### Data segment
————

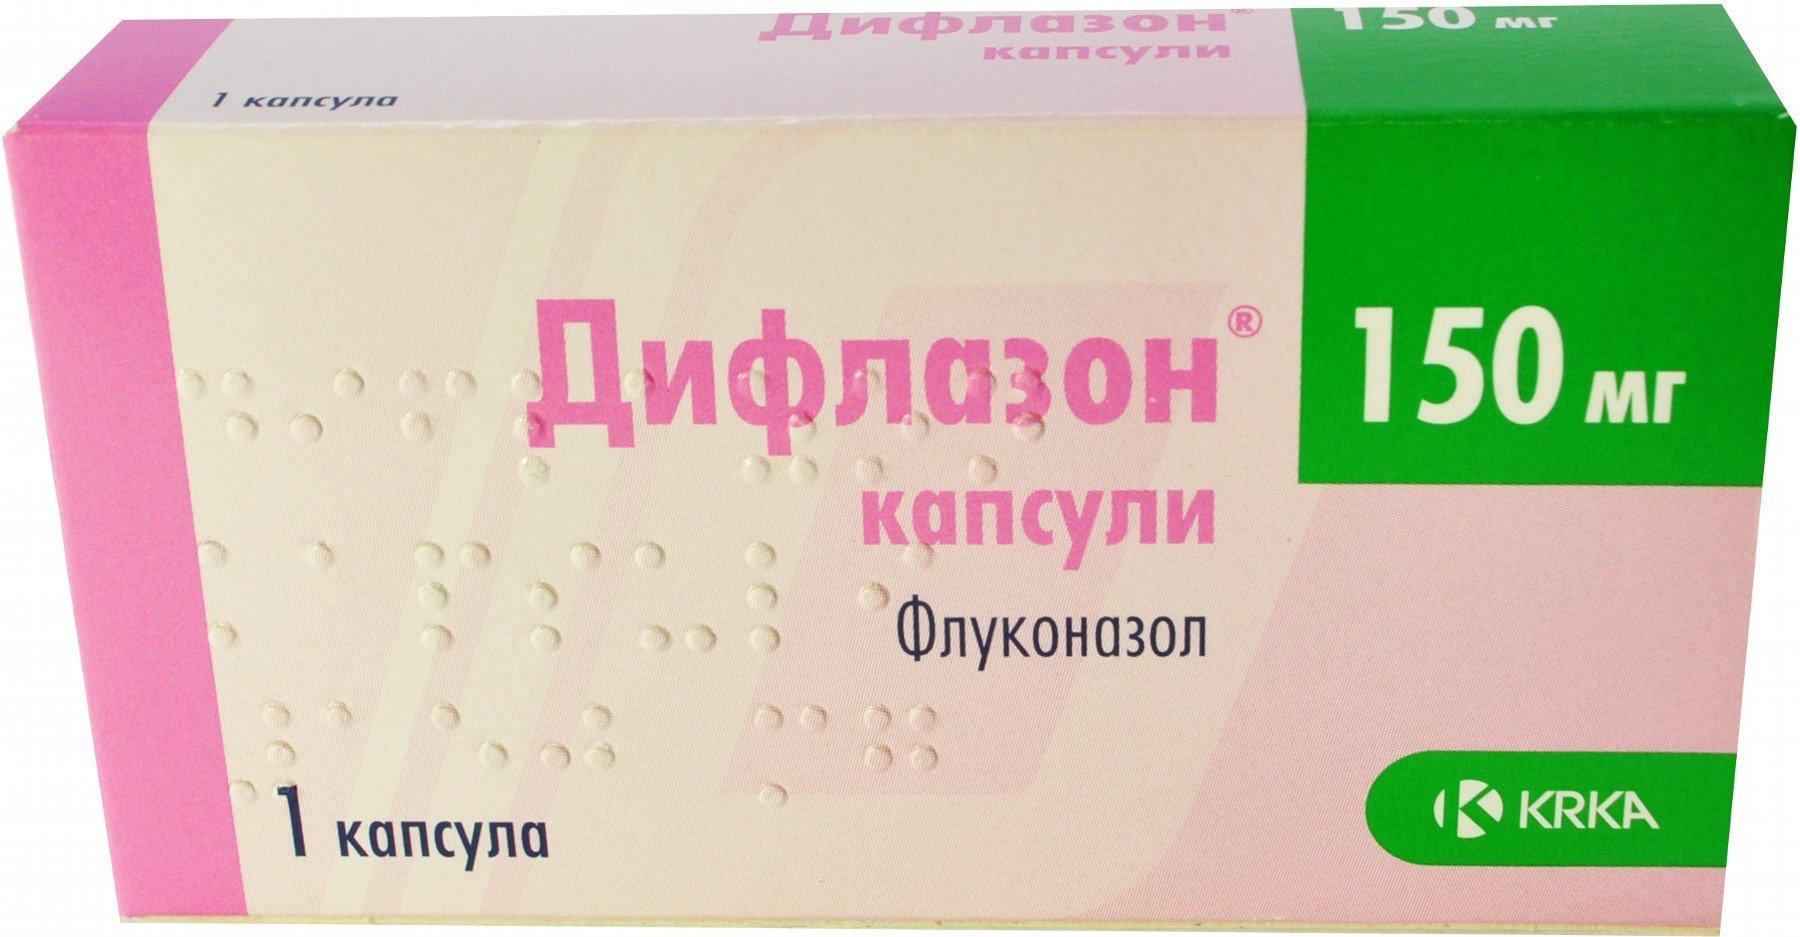 Diflazon (fluconazole) capsules 150 mg. №1
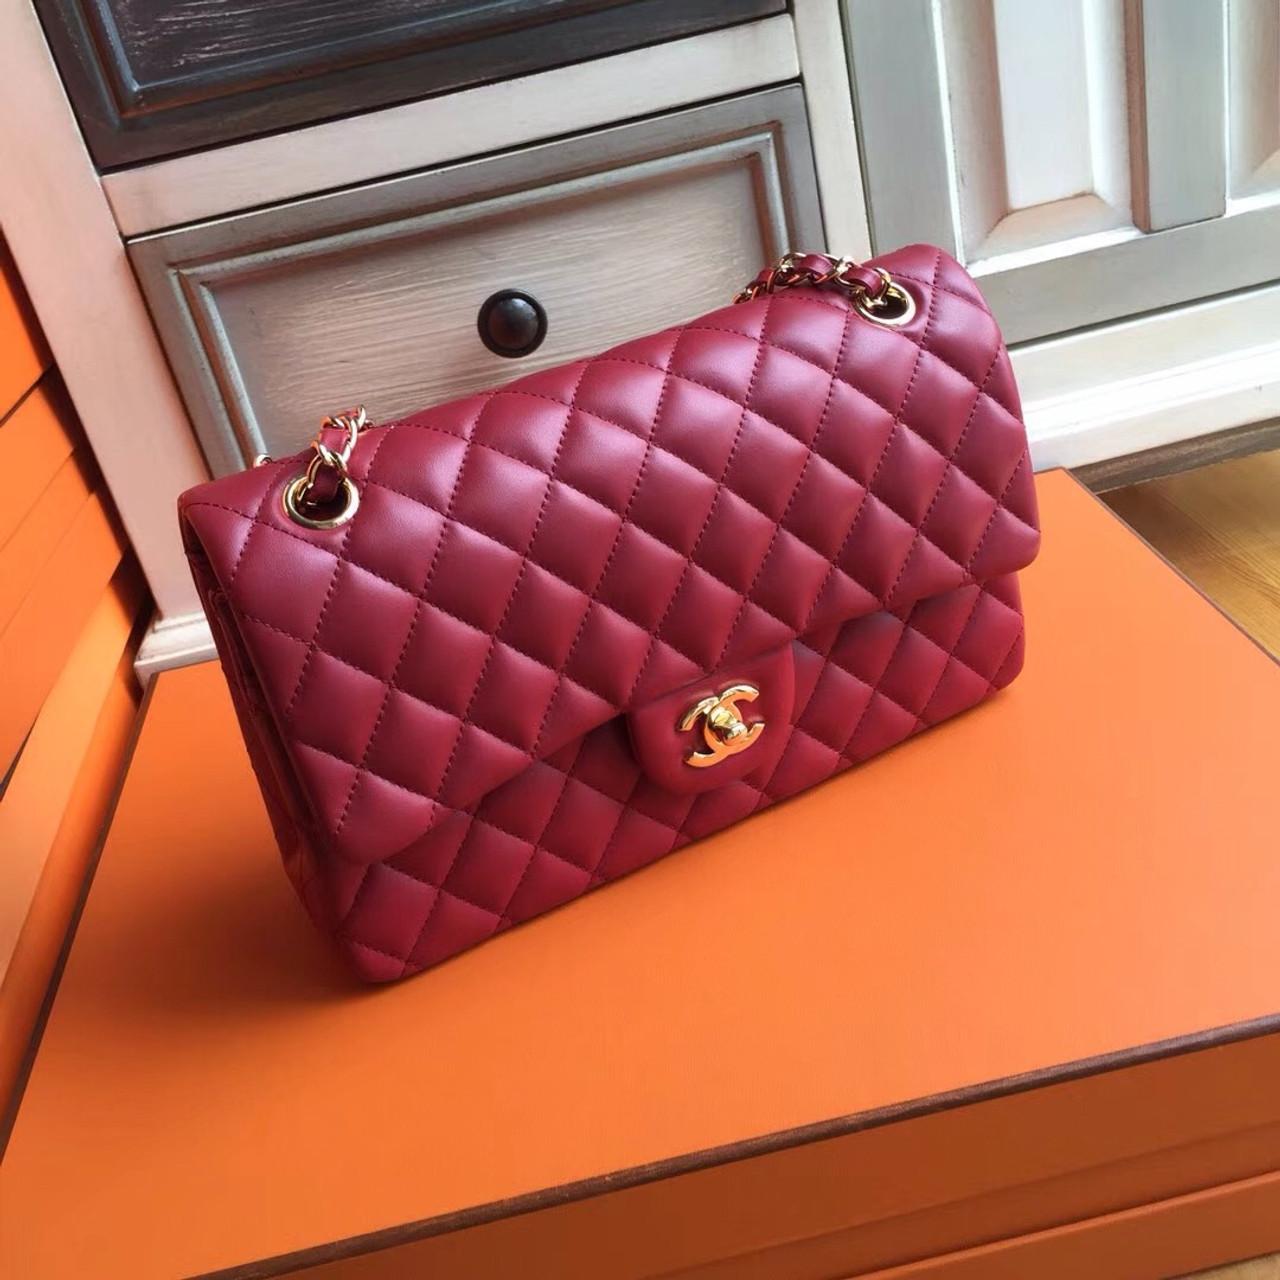 4c886eaec348 Chanel Red Lambskin Classic Flap Bag - Bella Vita Moda
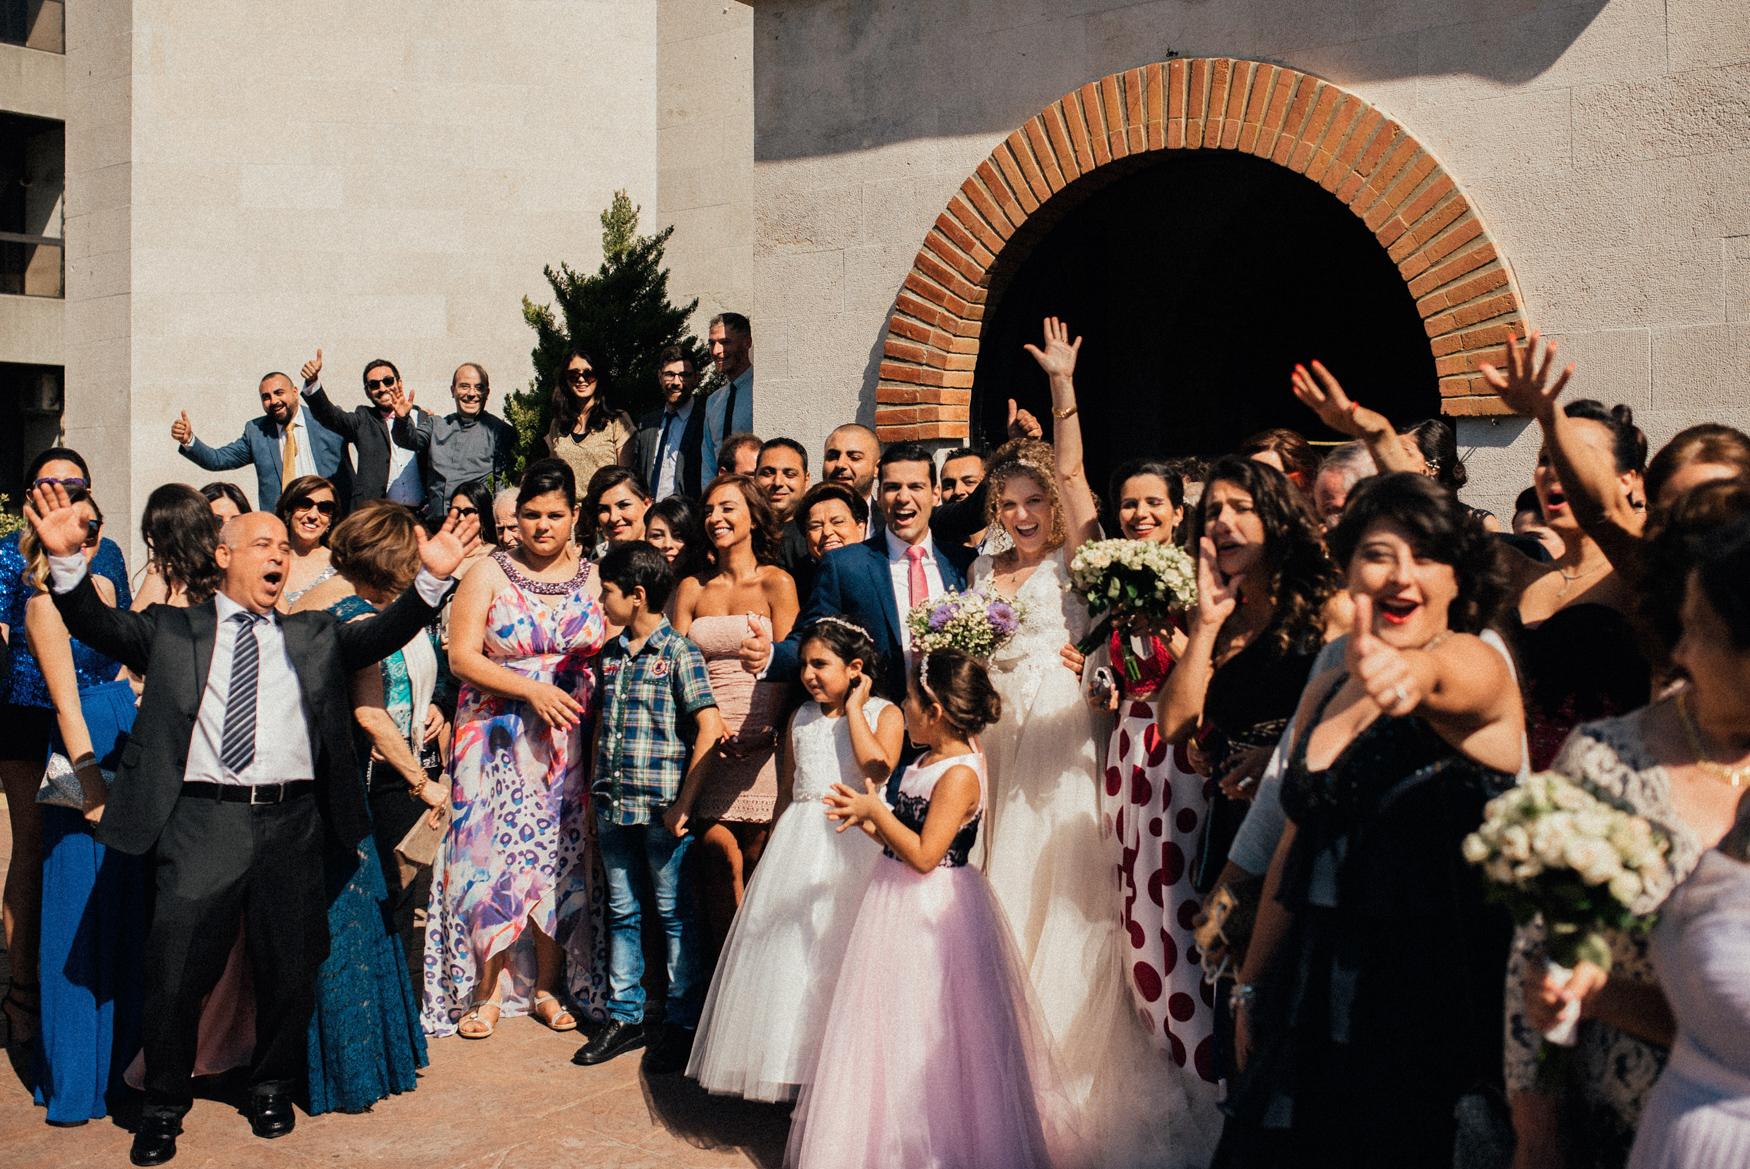 LR3 byblos beirut church wedding ceremony lebanon 016.jpg

————

Could you transcribe the material above exactly, keeping every picture out?

 Diflazon (fluconazole) capsules 150 mg. №1
 4c886eaec348 Chanel Red Lambskin Classic Flap Bag - Bella Vita Moda
 LR3 byblos beirut church wedding ceremony lebanon 016.jpg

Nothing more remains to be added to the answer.